■ **Collected data**
###
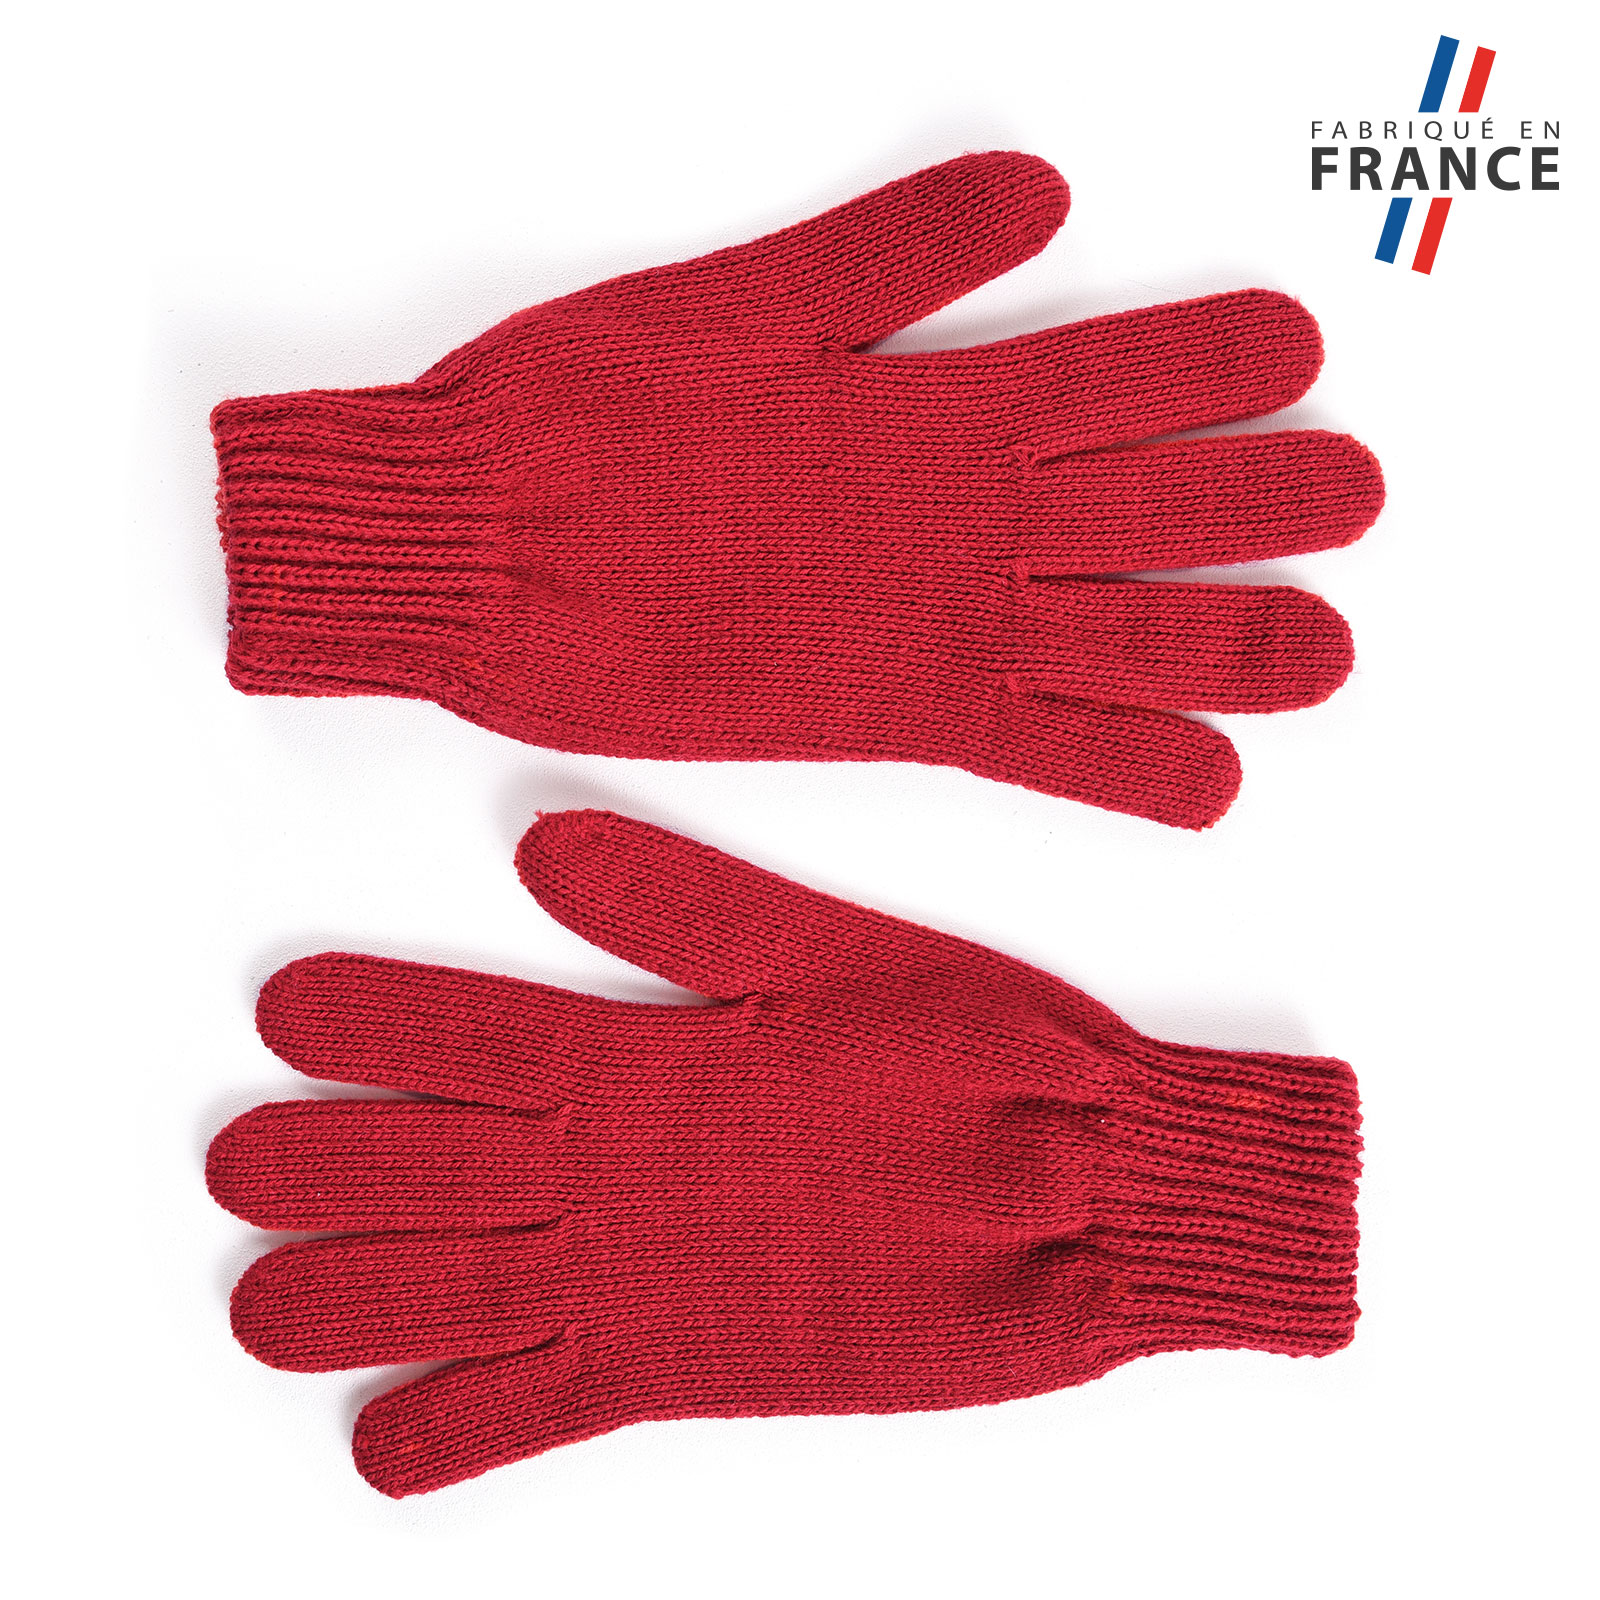 GA-00006-A16-LB_FR-gants-femme-rouges
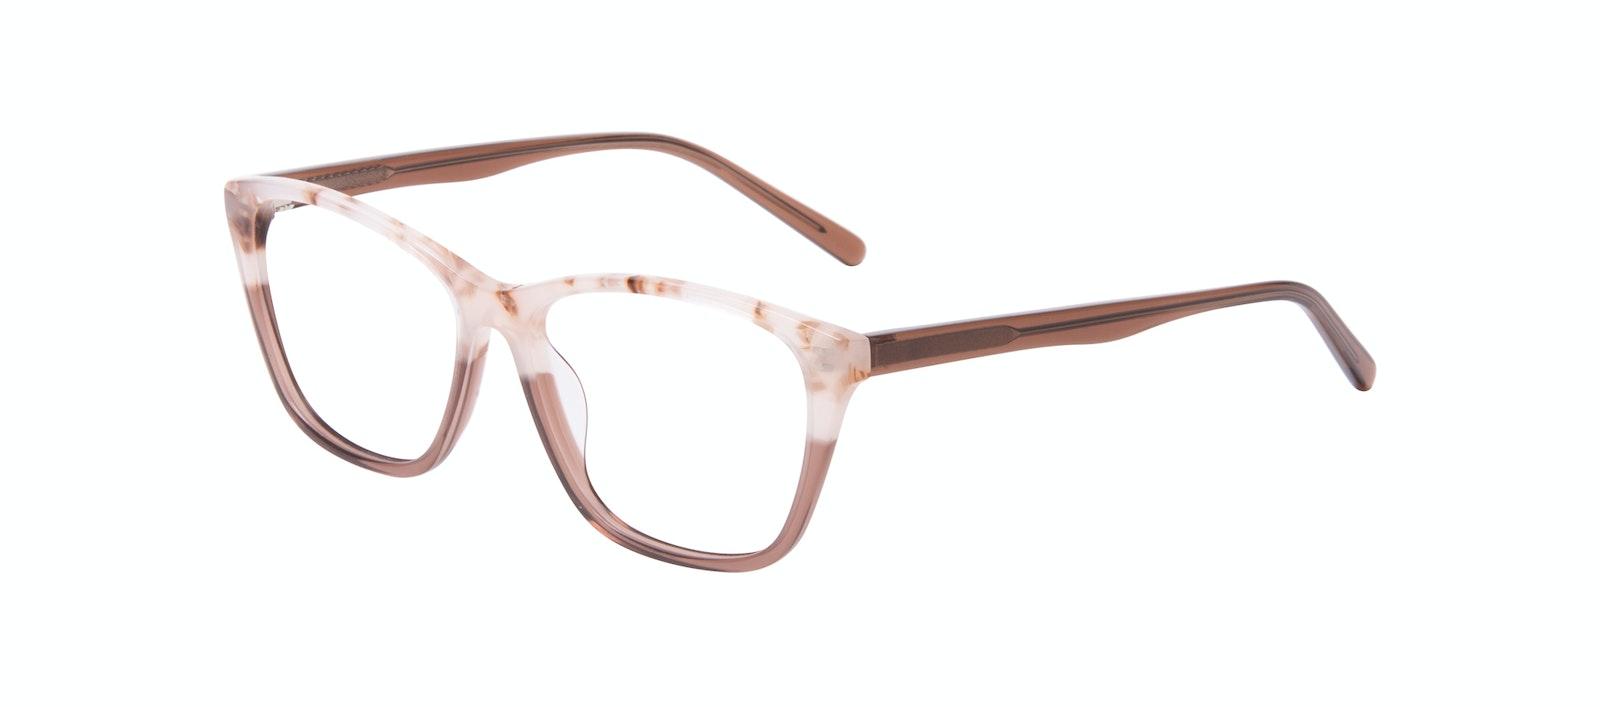 Lunettes tendance Oeil de chat Rectangle Lunettes de vue Femmes Myrtle Frosted Sand Incliné
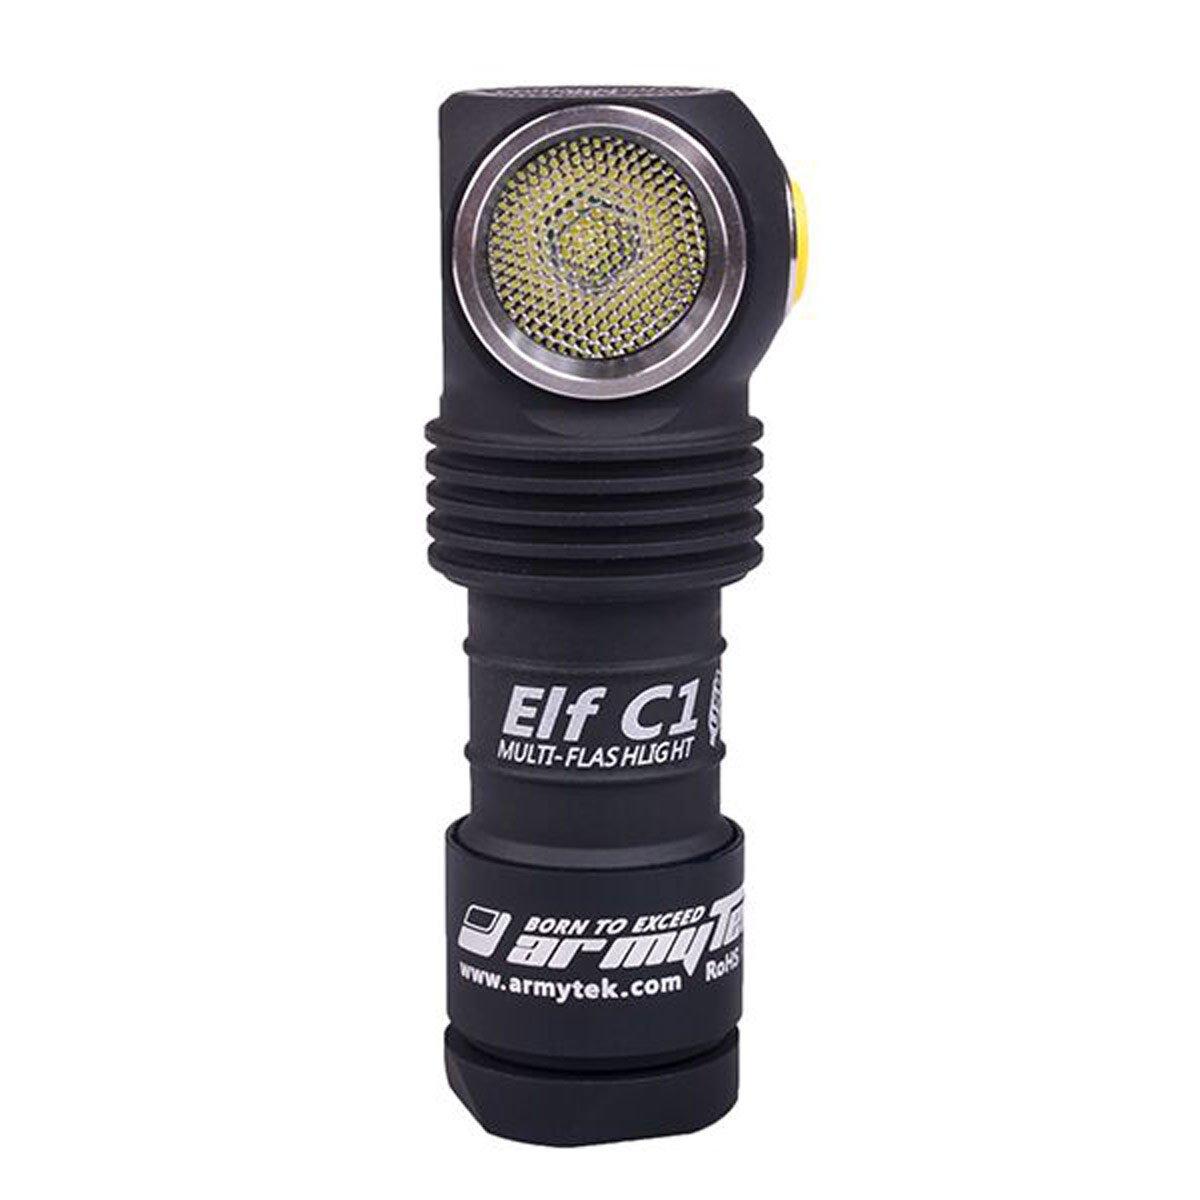 WarmWeiß Armytek Elf C1 CW mit 1050 Lumen und XP-L LED per Micro-USB ladbar
###
Print the material precisely as given, dropping any images it holds.

 GA-00006-A16-LB_FR-gants-femme-rouges
 Lunettes tendance Oeil de chat Rectangle Lunettes de vue Femmes Myrtle Frosted Sand Incliné
 WarmWeiß Armytek Elf C1 CW mit 1050 Lumen und XP-L LED per Micro-USB ladbar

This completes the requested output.